Hackers attempt to knock Israeli out of Eurovision song contest

Anti-Israel hackers launch cyber attacks in bid to block votes for Israeli contestant at annual Eurovision music contest.

Arutz Sheva Staff,

Netta Barzilai
Netta Barzilai
REUTERS

Anti-Israel hackers have set their sights on an Israeli contestant for an international music competition, hoping to block fans from voting for the singer by overloading online applications which count votes for the singer.

Last week, Boycott, Divestment and Sanctions activists launched a campaign aimed at barring Netta Barzilai, Israel’s contestant at the Eurovision, from advancing to the finals.

Dubbed the “Eurovision Boycott of Israel” and using the hashtag “#ZeroPointsIsrael”, the campaign called on music fans not to vote for Barzilai, claiming that a vote for the Israeli singer would be seen as a sign of support for the State of Israel.

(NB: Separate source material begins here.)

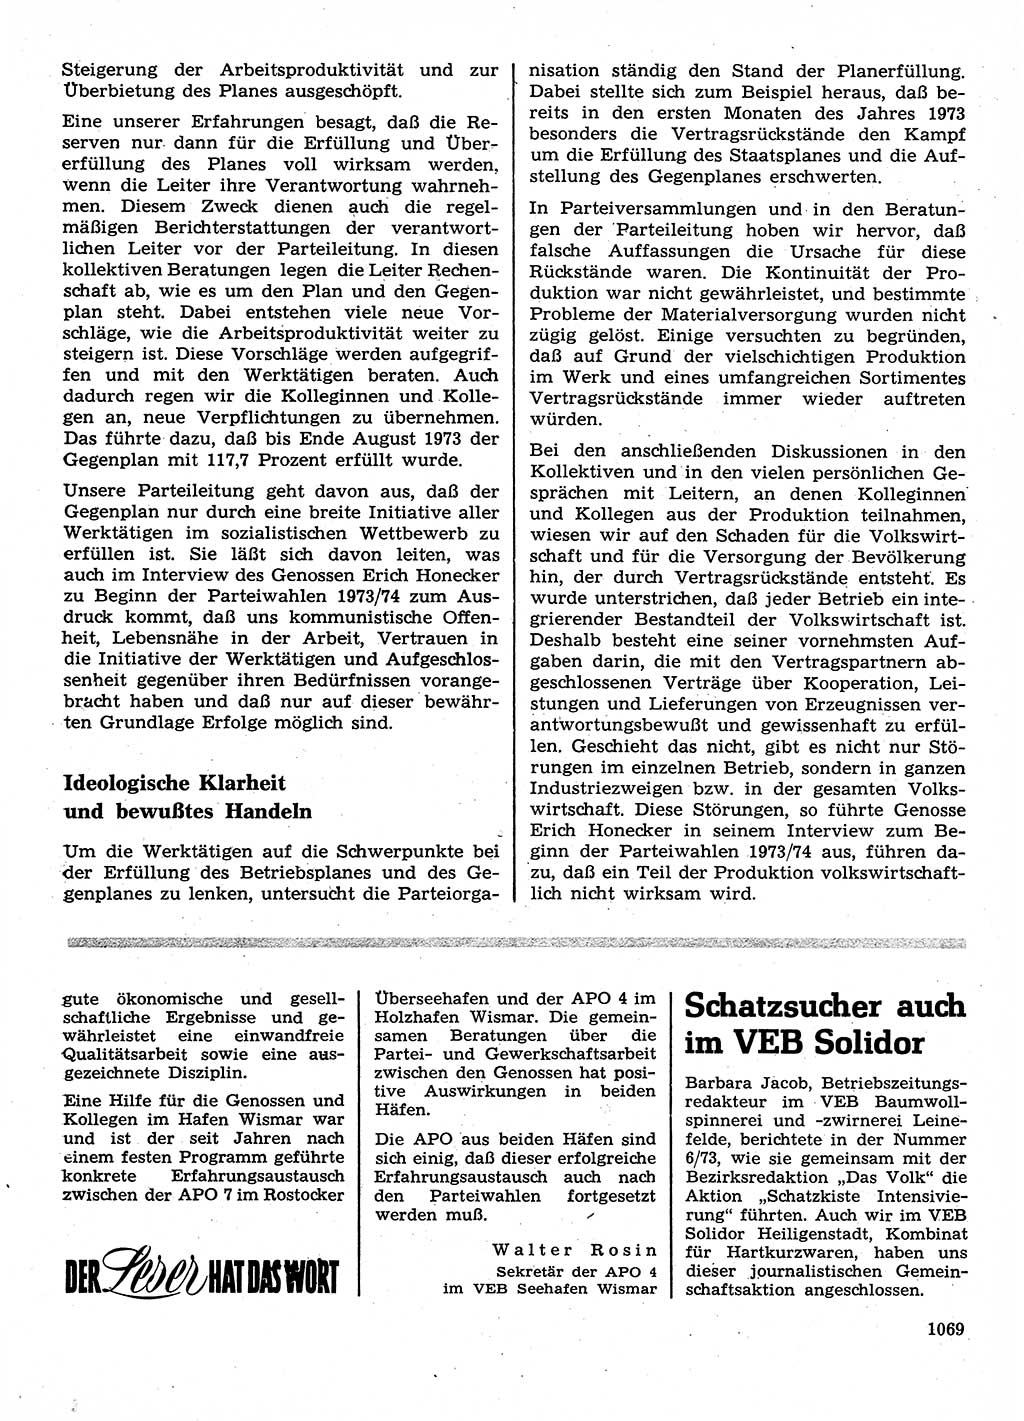 Neuer Weg (NW), Organ des Zentralkomitees (ZK) der SED (Sozialistische Einheitspartei Deutschlands) für Fragen des Parteilebens, 28. Jahrgang [Deutsche Demokratische Republik (DDR)] 1973, Seite 1069 (NW ZK SED DDR 1973, S. 1069)

“If you live in one of the participating countries, take care to participate in the televoting and give Israeli Apartheid zero points – and ask your friends and family and anyone you know to do the same. If the Israeli song is eliminated already at the semi-finals – well and good, nothing further should be done. If the song does get into the finals on 13 May, then the effort should be repeated and redoubled,” the campaign urged.

Despite the campaign, however, Barzilai advanced Tuesday night to the finals, slated for Saturday evening in Lisbon.

In addition to Israel, the other countries that qualified on Tuesday were Austria, Estonia, Cyprus, Lithuania, the Czech Republic, Bulgaria, Albania, Finland and Ireland.

But efforts to derail Barzilai’s bid at the Eurovision were not limited to calls for a boycott.

Hackers launched cyber-attacks on Barzilai’s cell phone application used to reach out to fans and provide them with a link to vote for the Israeli contestant. The hackers flooded the app system with a sudden wave of traffic, in an attempt to crash the system with a denial of service attack.

Anti-Israel social media users also flooded Barzilai’s Facebook and Twitter accounts with hostile or defamatory messages, forcing the closure of the two pages to users outside of Israel.

“The company’s tech team, with the help of information security companies, attempted to bring the systems which had been affected back online,” said Gil Rabbi, CEO of Rabbi Interactive Agency (RIA), which promoted Barzilai’s bid online.

“Unfortunately, since Facebook did nothing to filter out the online violence by BDS [activists], we were forced to close the Facebook page to users outside of Israel in order to stop the wave of [cyber] attacks. Basically, the BDS movement got what it wanted – Israel’s isolation from the rest of the world. At this point we’ve erased the hateful comments [from the Facebook page], so that at least Israeli users can enjoy visiting the page.”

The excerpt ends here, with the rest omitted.